No decorrer do livro já discutimos de modo mais detalhado a gênese multifatorial do burn-out. Vale relembrar, no entanto, que conforme já pontuaram Leiter e Robichaud, o desgaste emocional e fí sico no ambiente de trabalho é tão mais frequente quanto maior for o desencontro entre o tipo de trabalho ou tarefa a ser realizada e as características do indivíduo. Isto é, a etiopatogenia da síndrome de burn-out repousa sobre o desbalanço entre a demanda do meio e a vulnerabilidade individual (determinada por características intrínsecas), resultando em um estado de esgotamento físico e mental, cuja causa está intimamente ligada à vida profissional.

Em contraste com o burn-out, o transtorno depressivo maior (TDM) é classificado como um transtorno mental (APA) que acomete entre 10-20% da população, sendo uma das doenças psiquiátricas mais frequentes na prática clínica (Kessler et al., 2003).
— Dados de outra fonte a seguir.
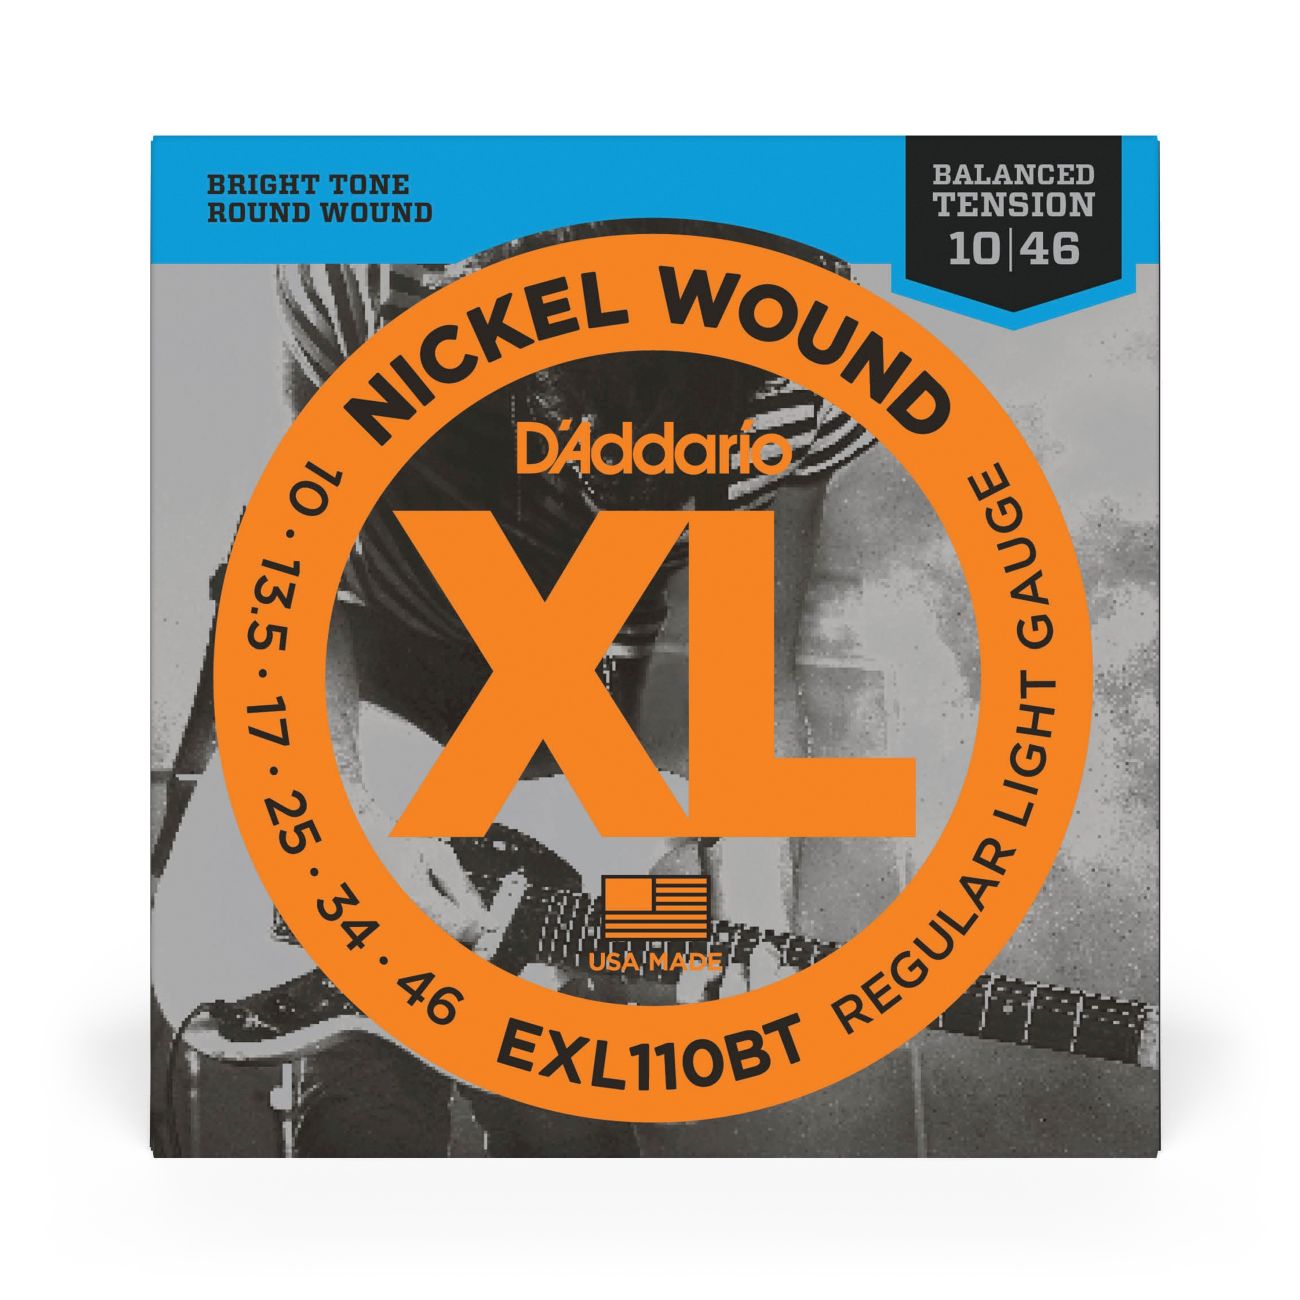 D'Addario EXL110BT | Nickel Wound Electric Guitar Strings 10-46 Regular Light Gauge | Balanced Tension

O TDM, conforme já discutido em capítulo específico, é caracterizado por um período distinto e duradouro de humor depressivo, anedonia, alteração do sono, apetite, sentimentos de culpa e dificuldade para as atividades da rotina e trabalho. Mas, afinal de contas, por que o síndrome de burn-out não é reconhecida como uma doença mental nos sistemas de classificação internacionais? Seriam burn-out e depressão um mesmo transtorno?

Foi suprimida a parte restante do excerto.